Posted by: Big Al | February 05, 2012 at 03:15 PM
Oh thank you... I've long held the opinion that Phil is a quack. Fortunately for me I have a graduate degree in psychology. It took about one show to see right through the fraud.
This is not to say that he didn't ever understand psych, but as its demonstrated on his show, its corrupt beyond recognition.
In fact, I accuse Phil of child abuse. Seeing distraught young girls on his show pisses me off. Those kids need to be in therapy, not taken advantage of for dramatic effect and gratuitous self-promotion. Not to mention the possibility that he is inducing MORE trauma! Sorry i don't have the specific episode, but watch his show, you'll see some version of it.
I really get sick watching the bubbly brained fatuous audience. Phil is about one degree away from Jerry Springer, but more dangerous. Jerry made no pretense about his show, it was all for show. Phil would have us believe he's actually helping people. He's a snake oil salesman.
Posted by: Rick | May 13, 2012 at 07:34 PM
You people are retarded. All action is caused by the brain. That's why we should allow people to rape other people.
Posted by: the truth | June 13, 2012 at 06:40 PM
As per 'the truth's' post on The Golden Woos #3 June 13 18.38, "Ah skeptics back to their name calling. i see that skeptics can't debate properly so they call people names. perfect.
Exactly what i expect from a bunch of closed minded people."
That's approximately two minutes before they post, "You people are retarded" above.
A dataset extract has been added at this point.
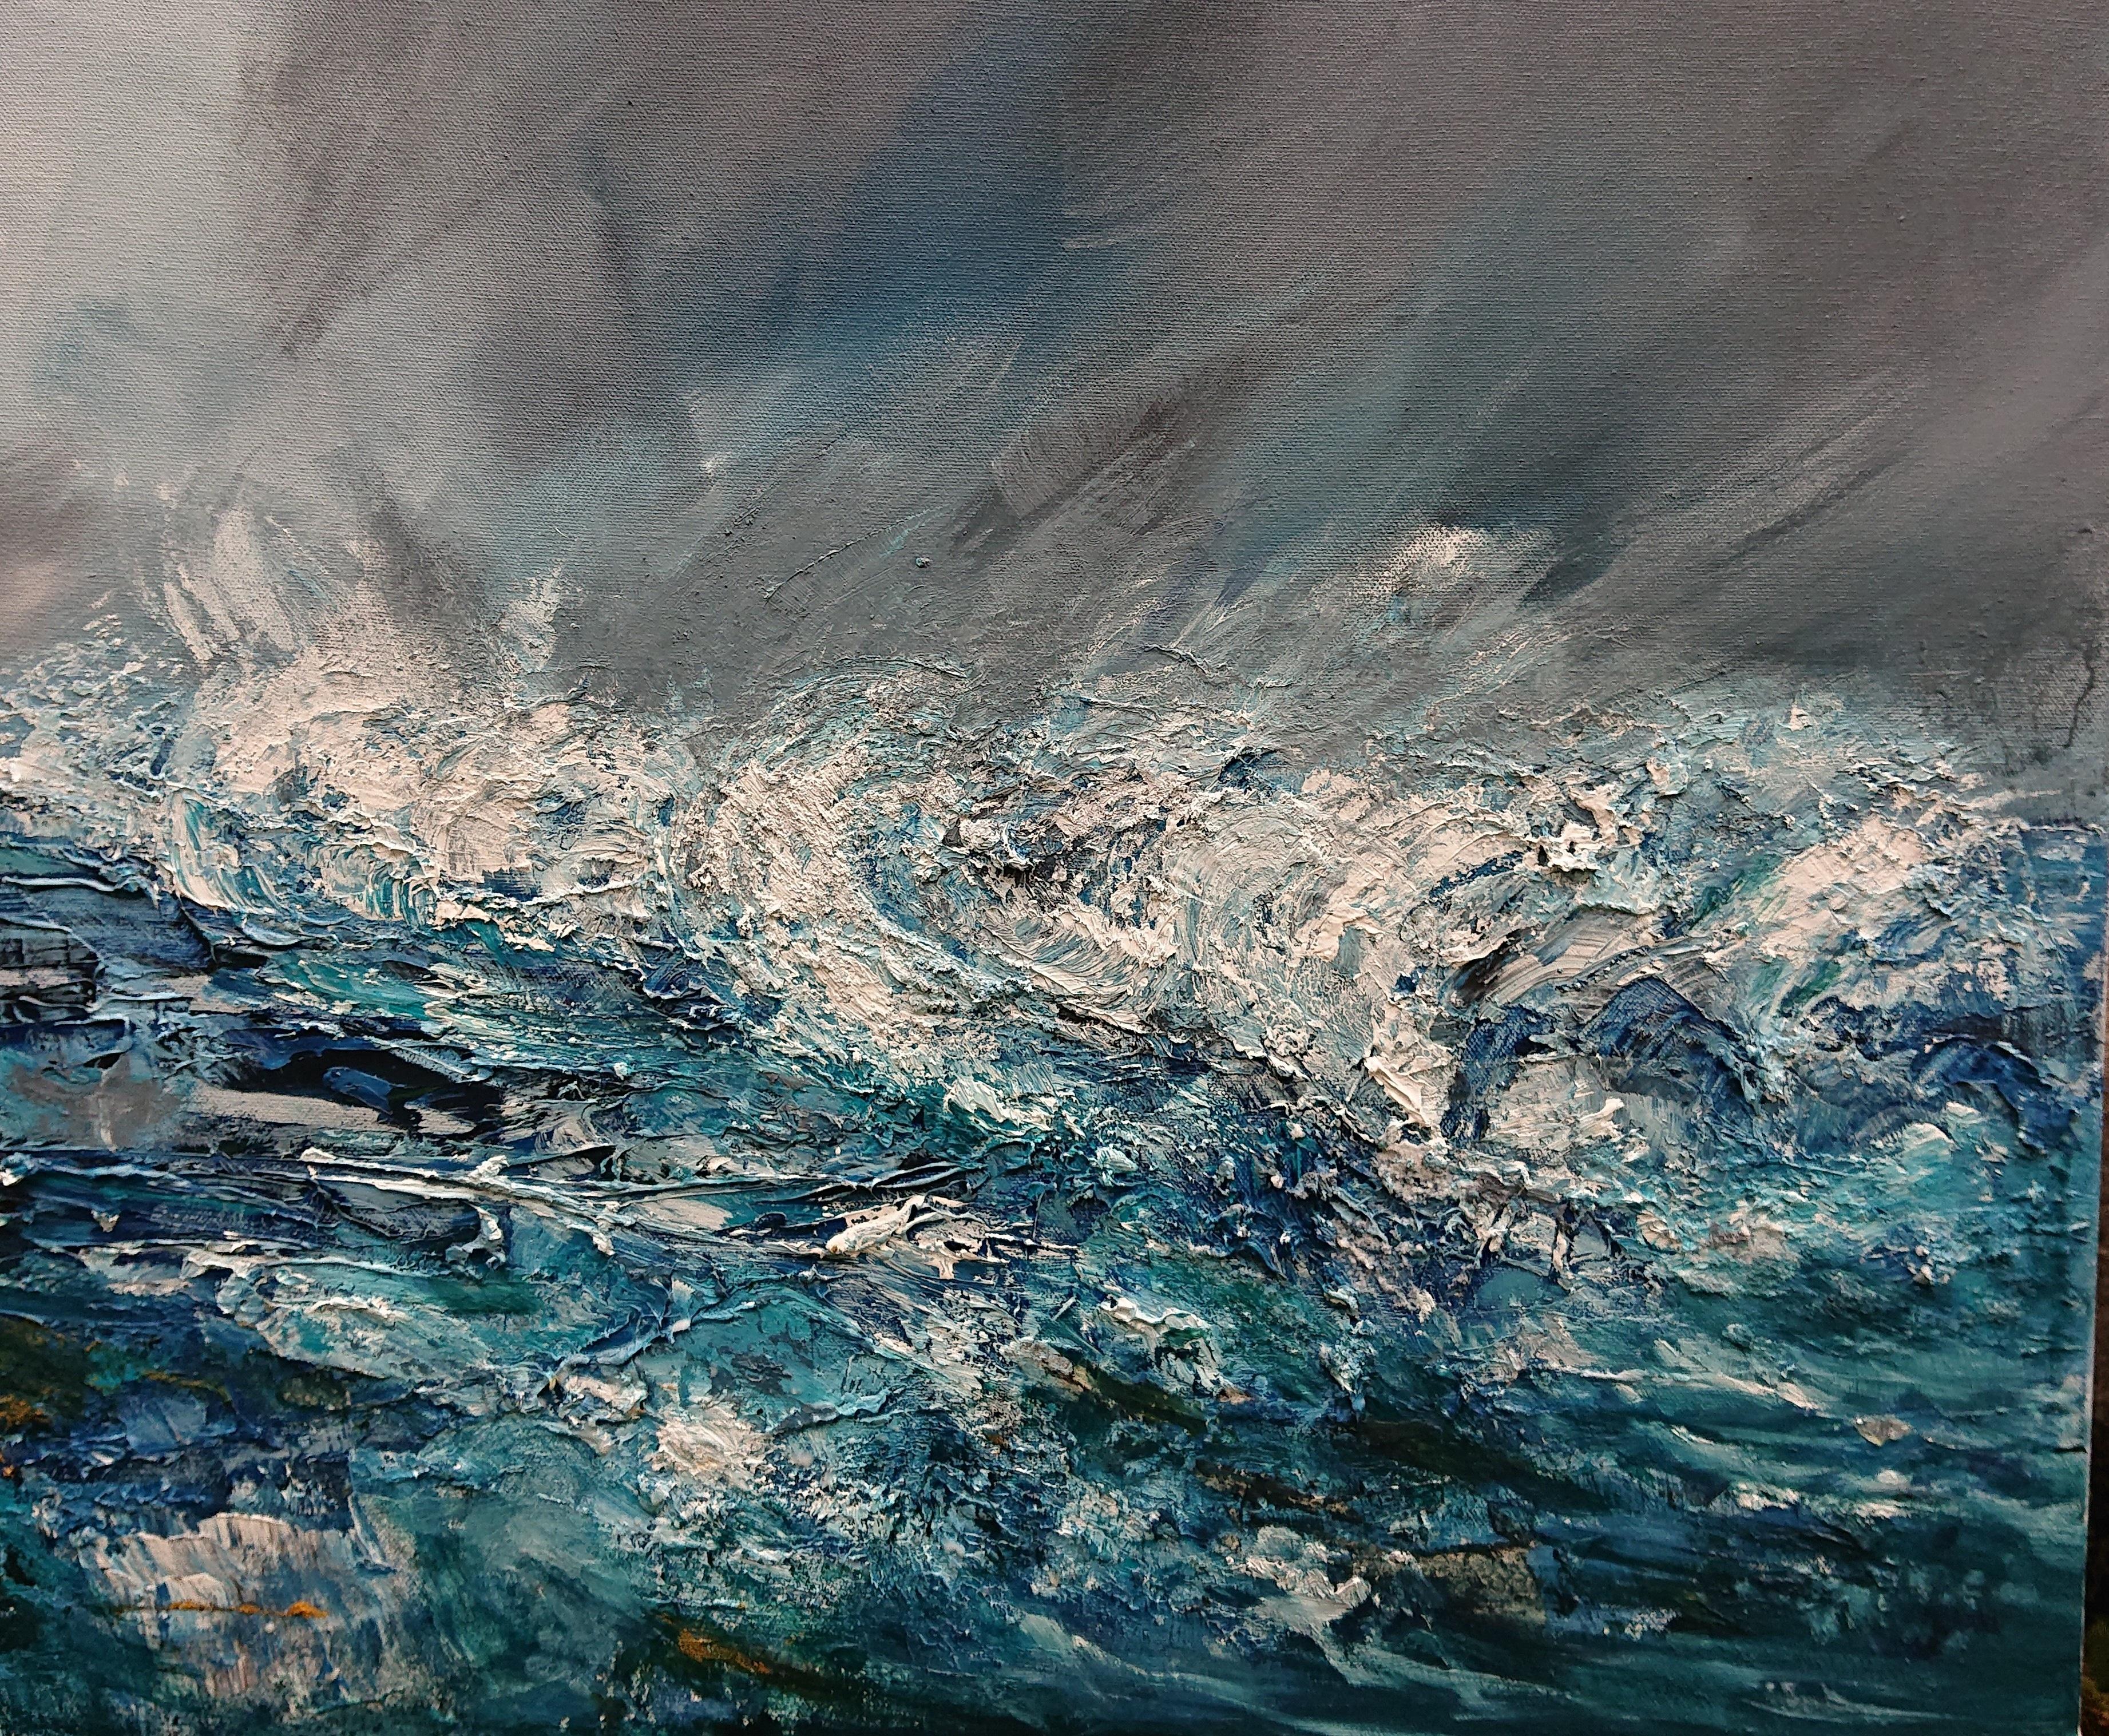 winter storm hosta, oil on canvas, 70 x 90 cm

I'm sure you've met the kettle before pot.
Also regards the Golden Woos post, way to go on providing a stunning and detailed argument in the spirit of proper debate..., oh hold on, silly me you didn't, you just blustered your empty opinions. Think I'll just dismiss them.
Posted by: Darth Cynic | June 15, 2012 at 09:08 AM
So, any reasoned arguments, mister 'truth'? Any specific complaints? Any examples of fallacies in the posts or comments you want to elaborate on?
No?
Oh, and about the rape thing: Really? That's an enormous non-sequitur, especially since a lot of the skeptical blogs I read have been complaining about rape culture and raising awareness of sexual discrimination.